### WHAT IS REQUIRED
The complete listing goes into the output exactly, without its pictures.

### DATA BELOW
───

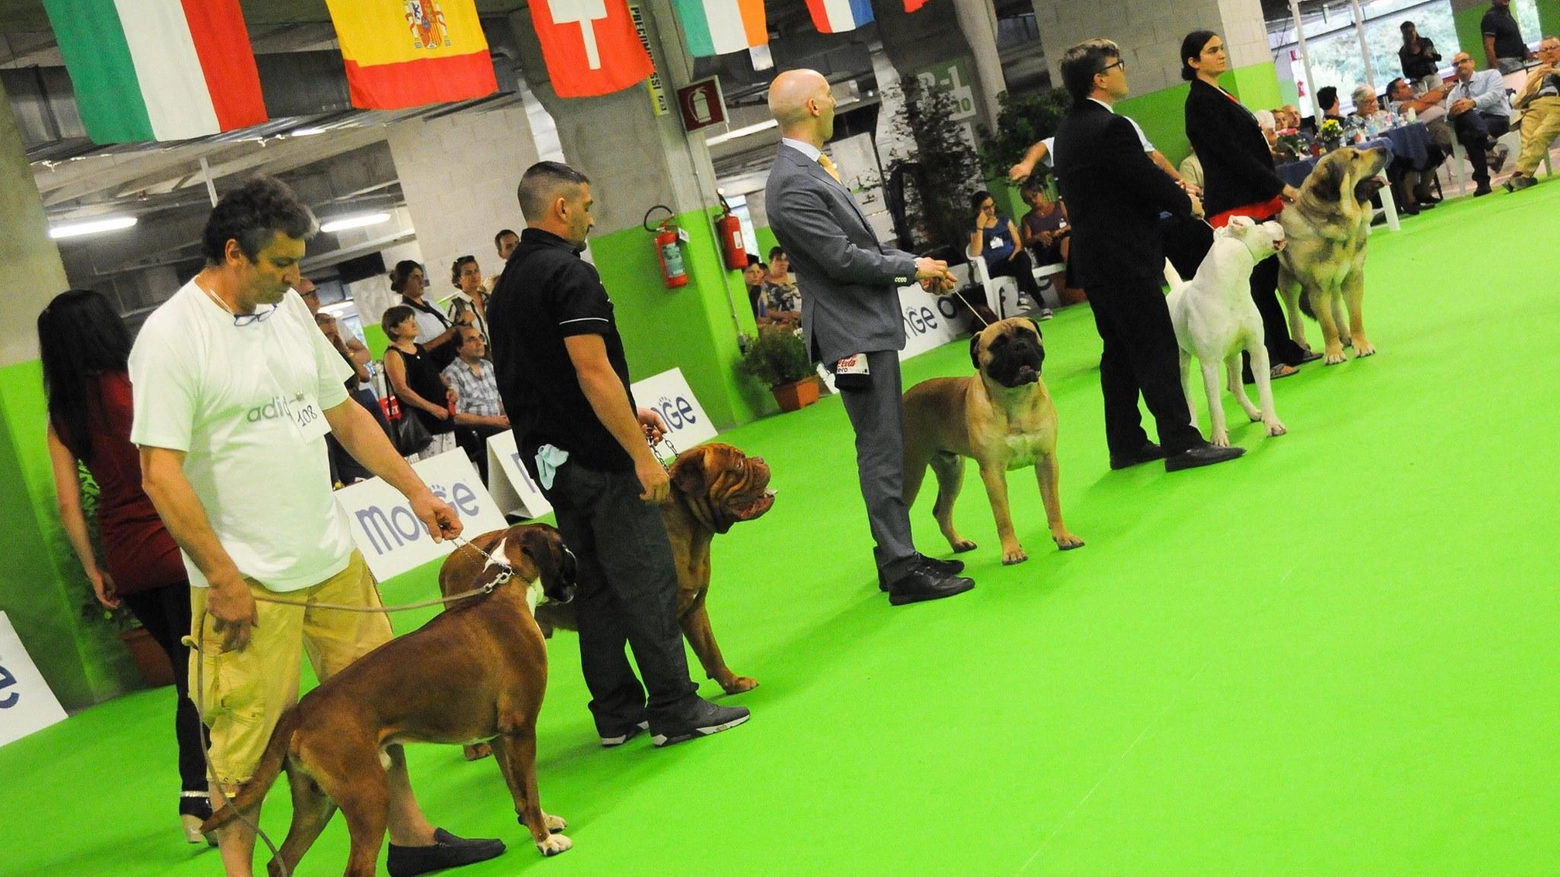 Esposizione internazionale canina  all’ippodromo del Visarno  Fra mille animali si sceglie il più bello
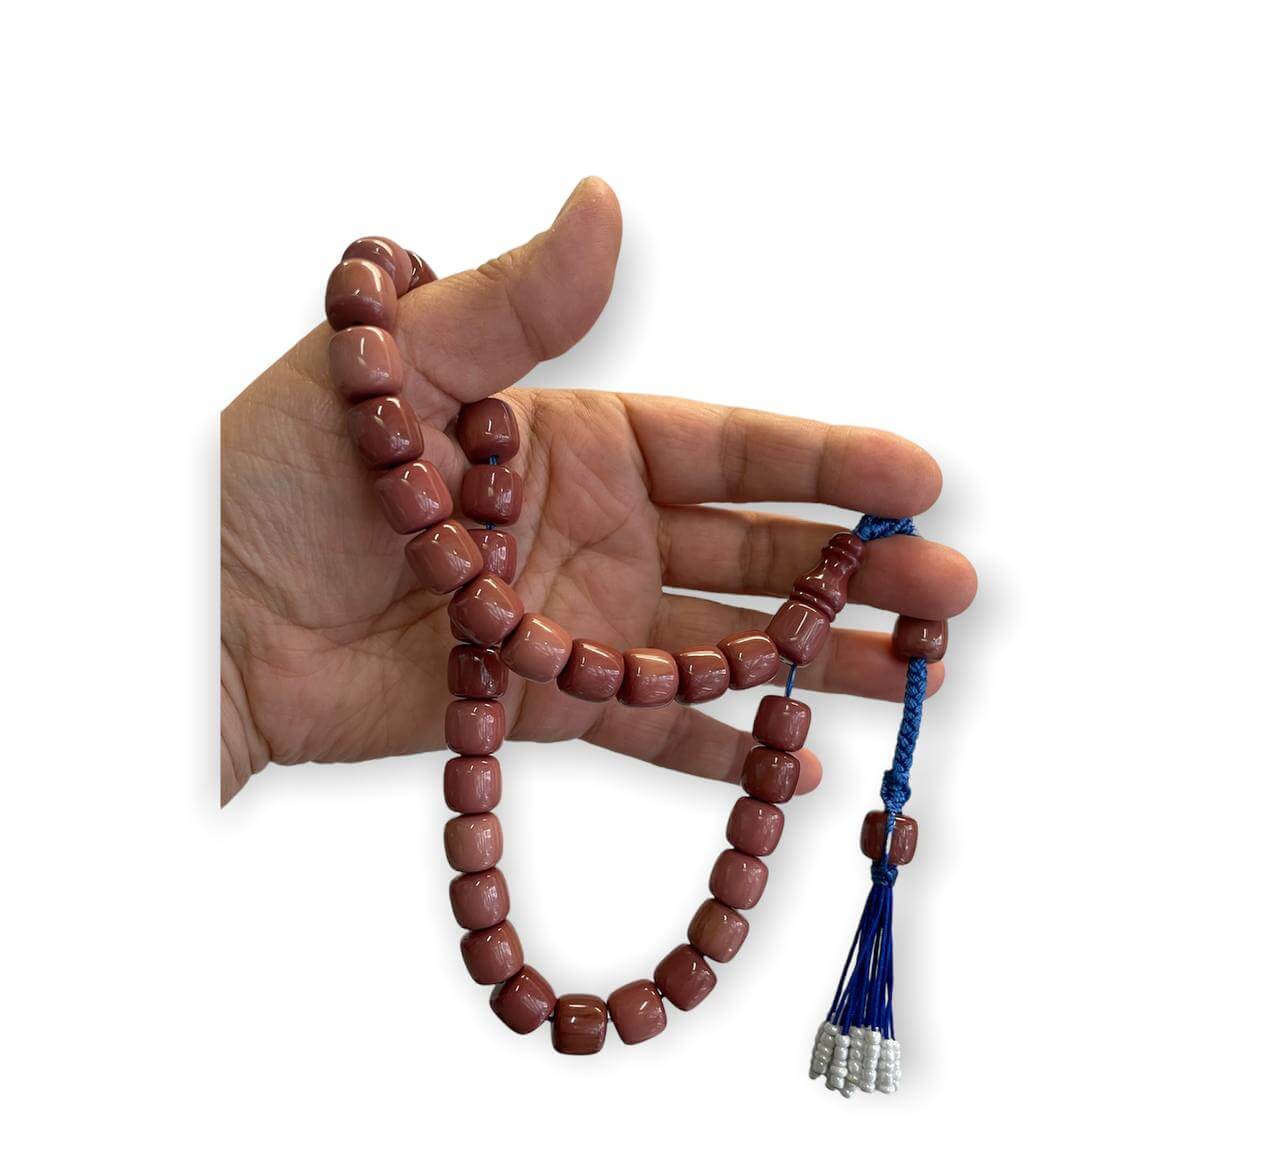 Tesbih, Gebetskette 33 Perlen, einzigartiges Sondermodell, Saray Püskül, Farbe rosa, Bernstein, Kehribar Tespih - Tesbih Mit Namen
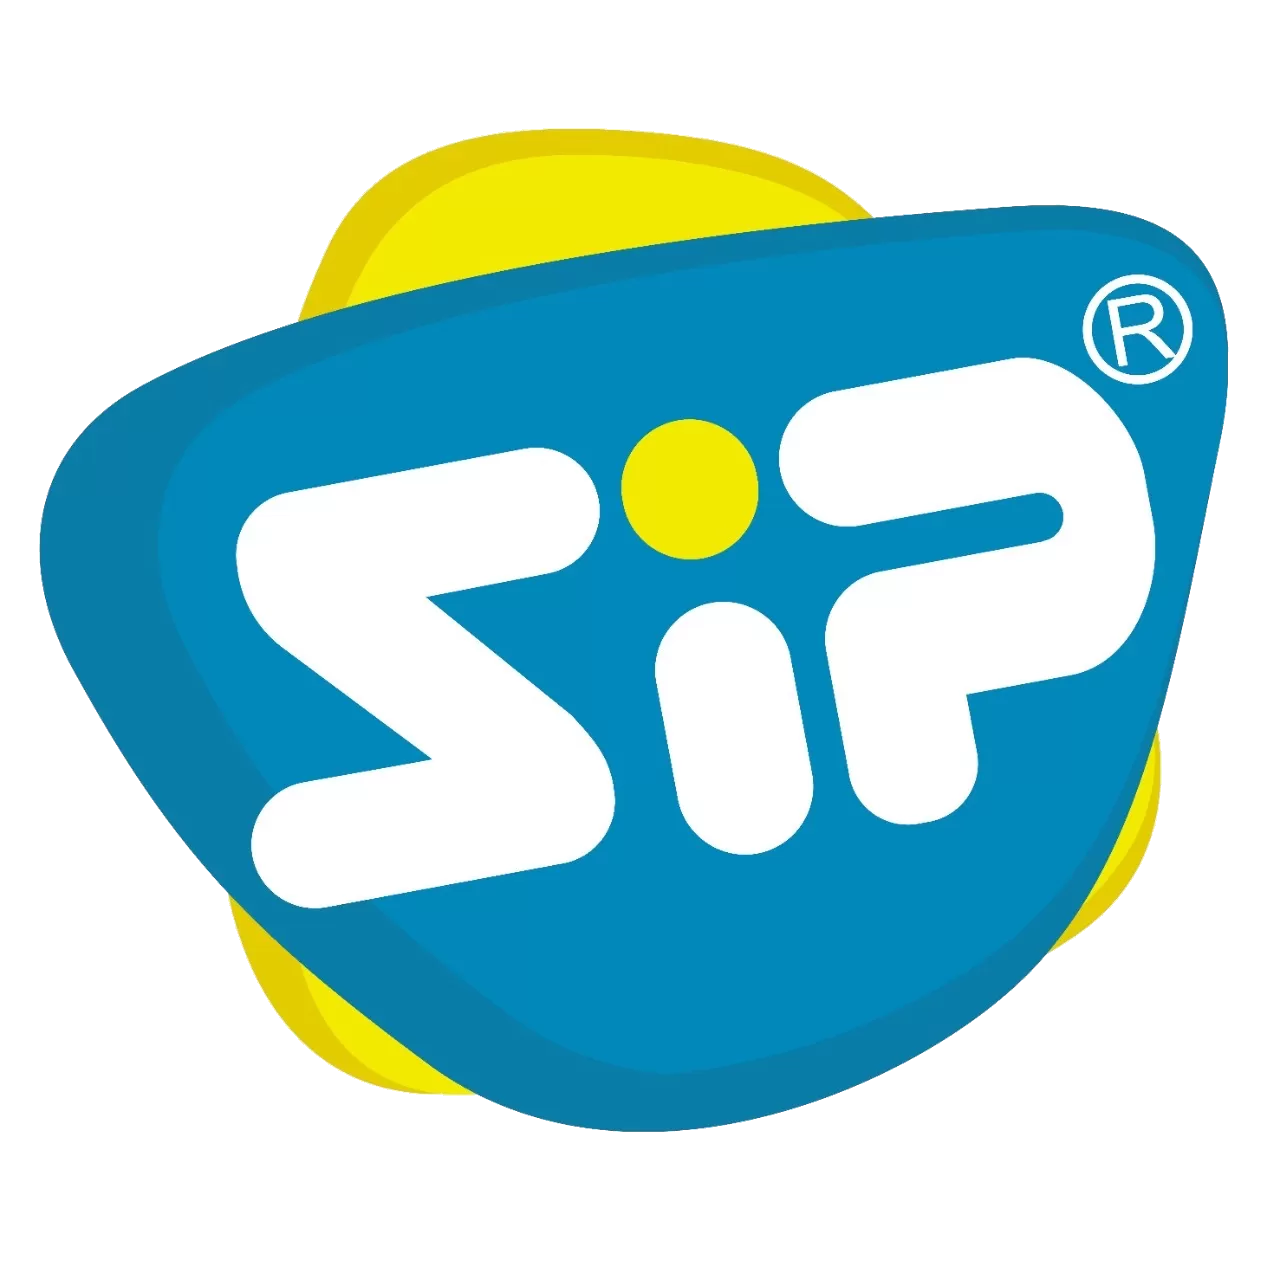 SMKSIP.com

───

### TASK RESPONSE
 Esposizione internazionale canina  all’ippodromo del Visarno  Fra mille animali si sceglie il più bello
 Tesbih, Gebetskette 33 Perlen, einzigartiges Sondermodell, Saray Püskül, Farbe rosa, Bernstein, Kehribar Tespih - Tesbih Mit Namen
 SMKSIP.com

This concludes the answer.